YOUR ASSIGNMENT:
Strip the pictures and reproduce the rest of the listing exactly.

DATA EXTRACT:
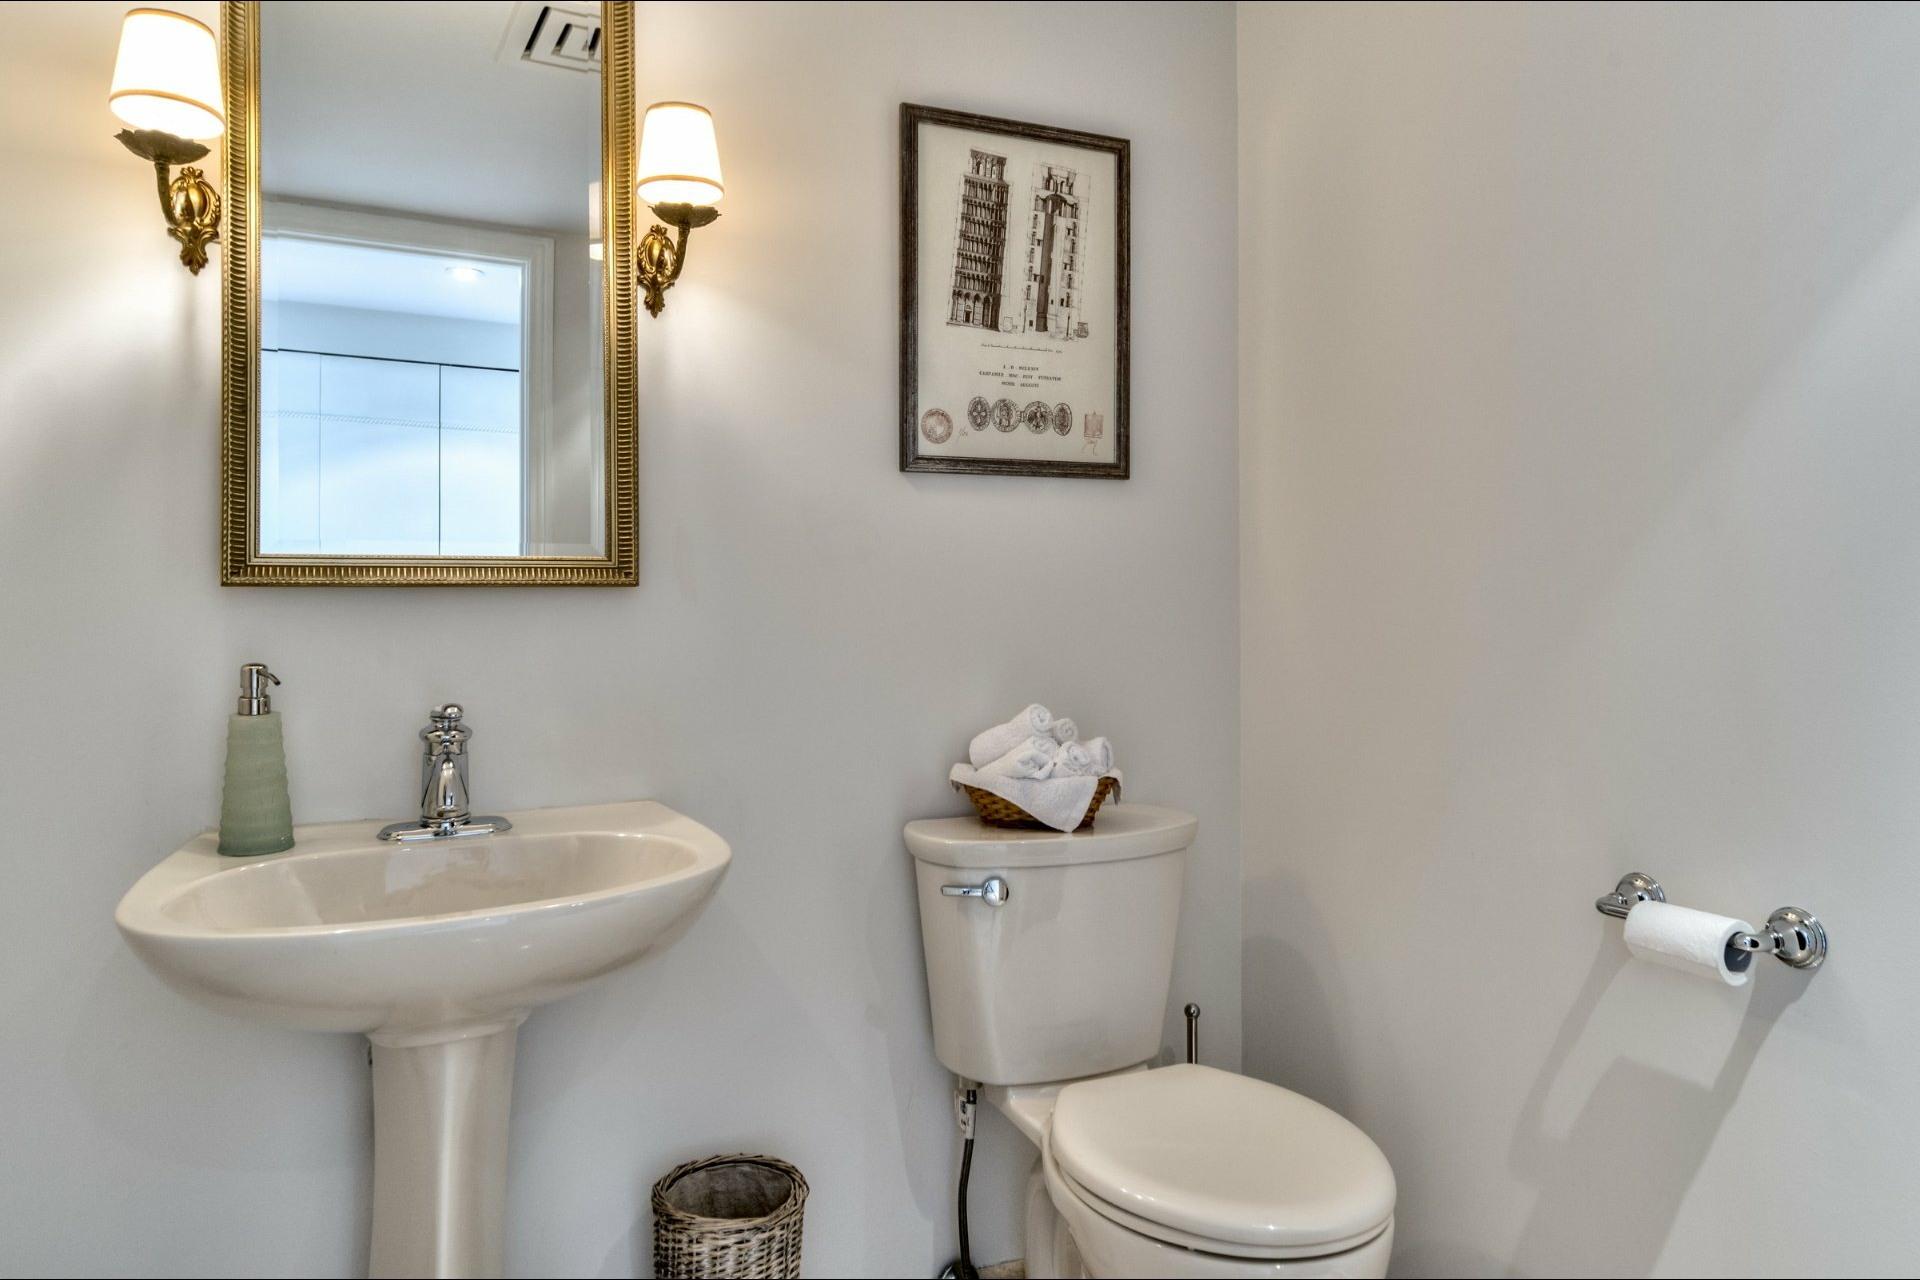 image 25 - Departamento En venta Côte-des-Neiges/Notre-Dame-de-Grâce Montréal  - 12 habitaciones
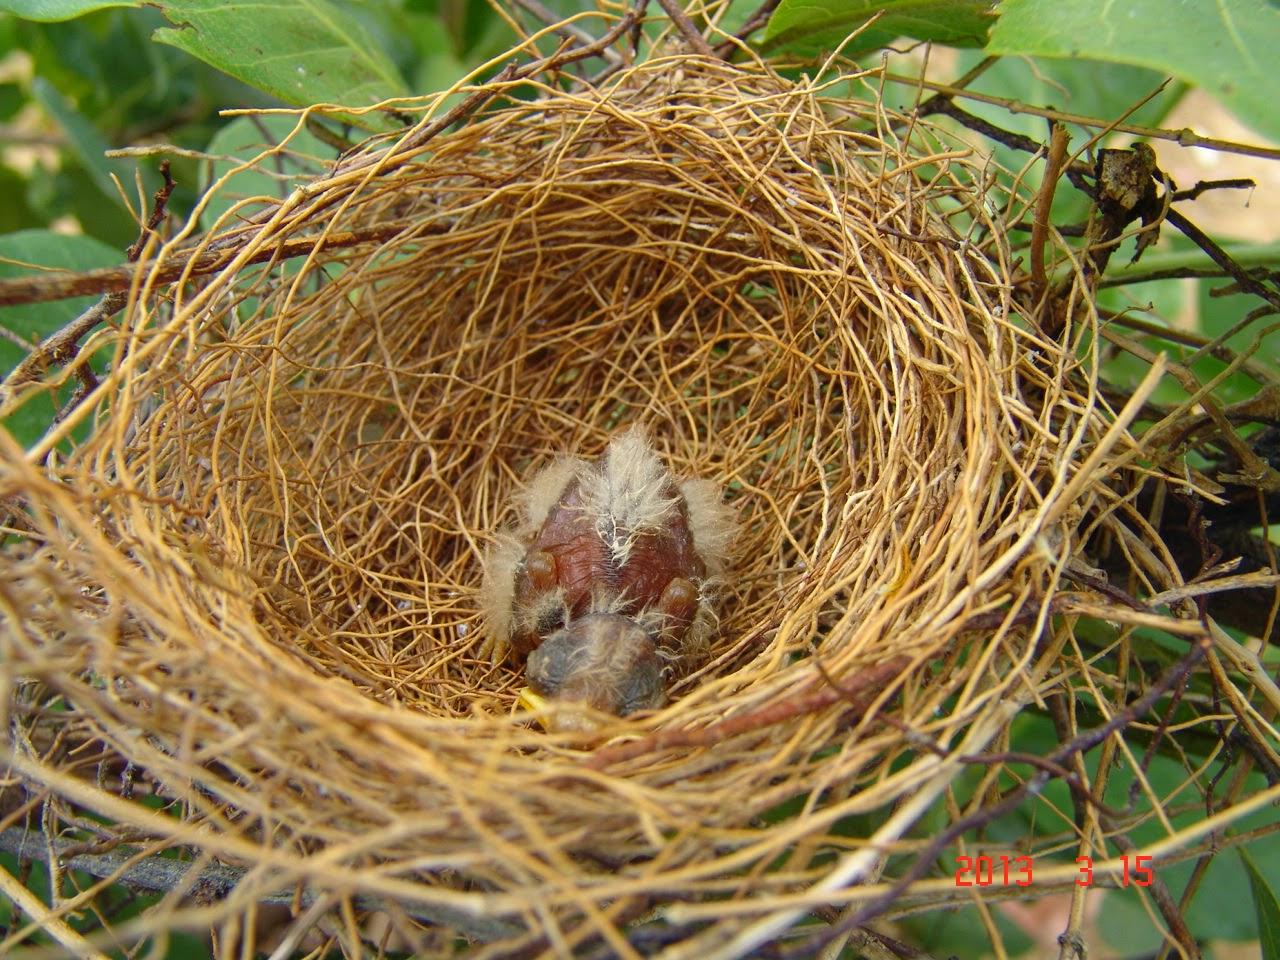 O pequeno filhote de passáro no ninho
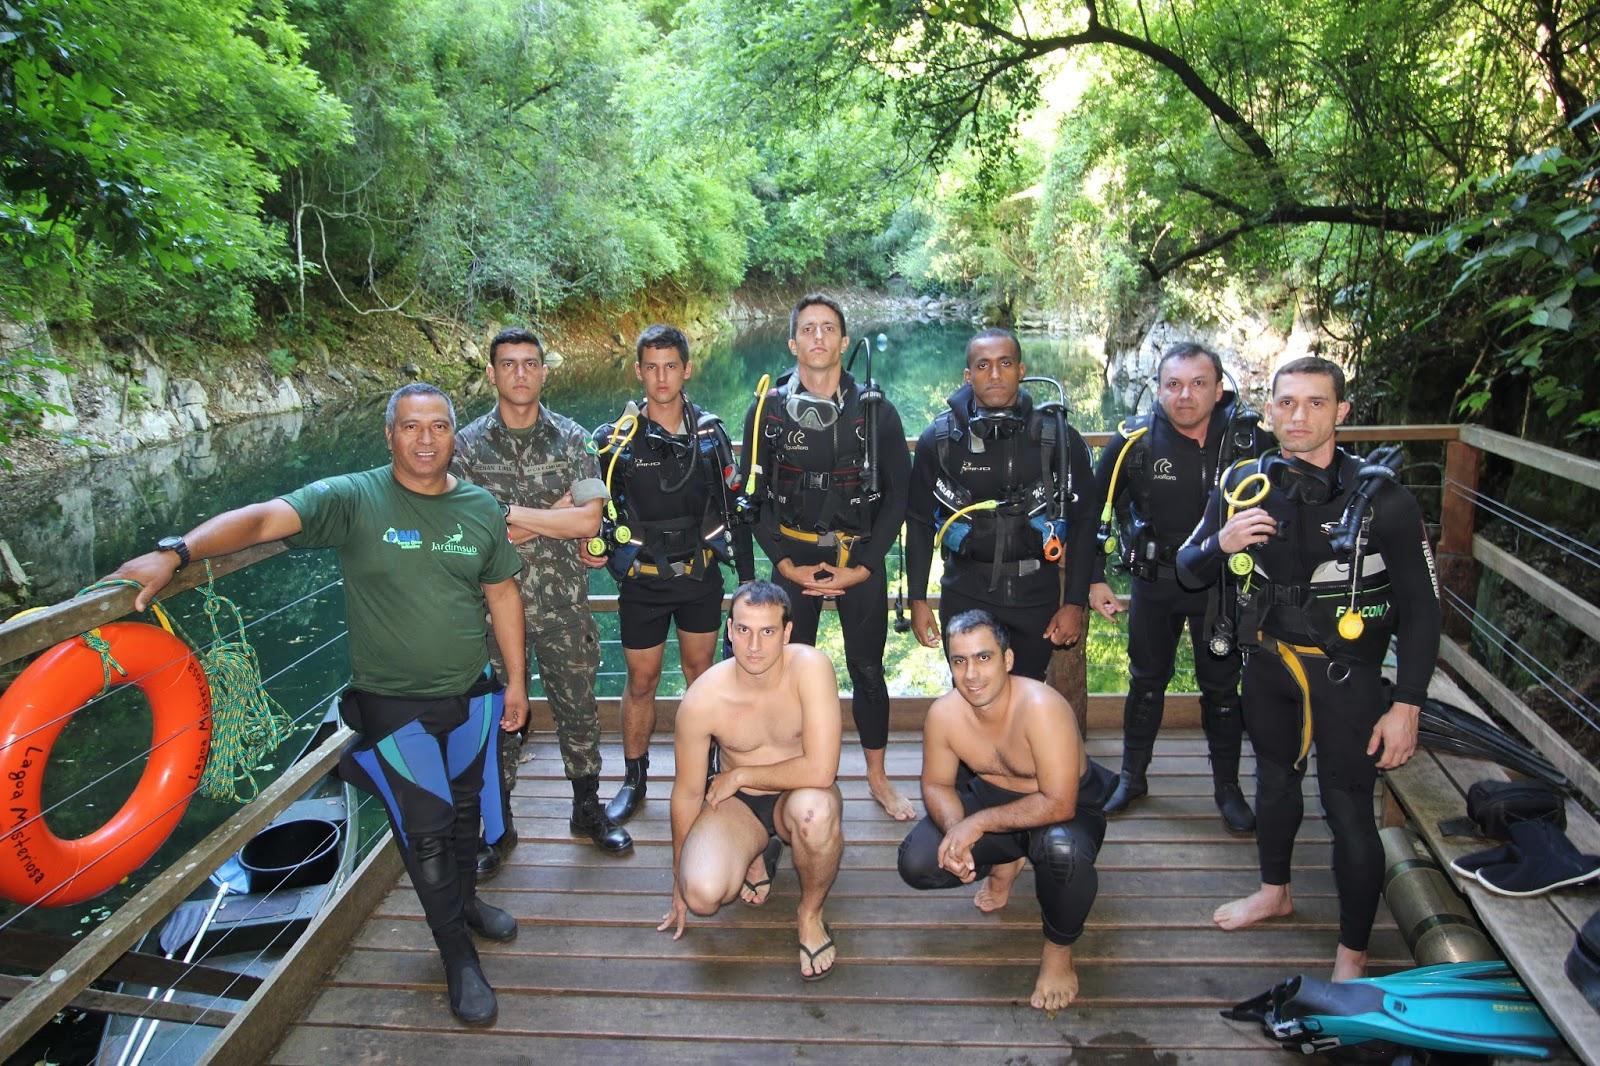 Militares mergulhadores realizam treinamento na Lagoa Misteriosa

ANSWER TO THIS PROBLEM:
 image 25 - Departamento En venta Côte-des-Neiges/Notre-Dame-de-Grâce Montréal  - 12 habitaciones
 O pequeno filhote de passáro no ninho
 Militares mergulhadores realizam treinamento na Lagoa Misteriosa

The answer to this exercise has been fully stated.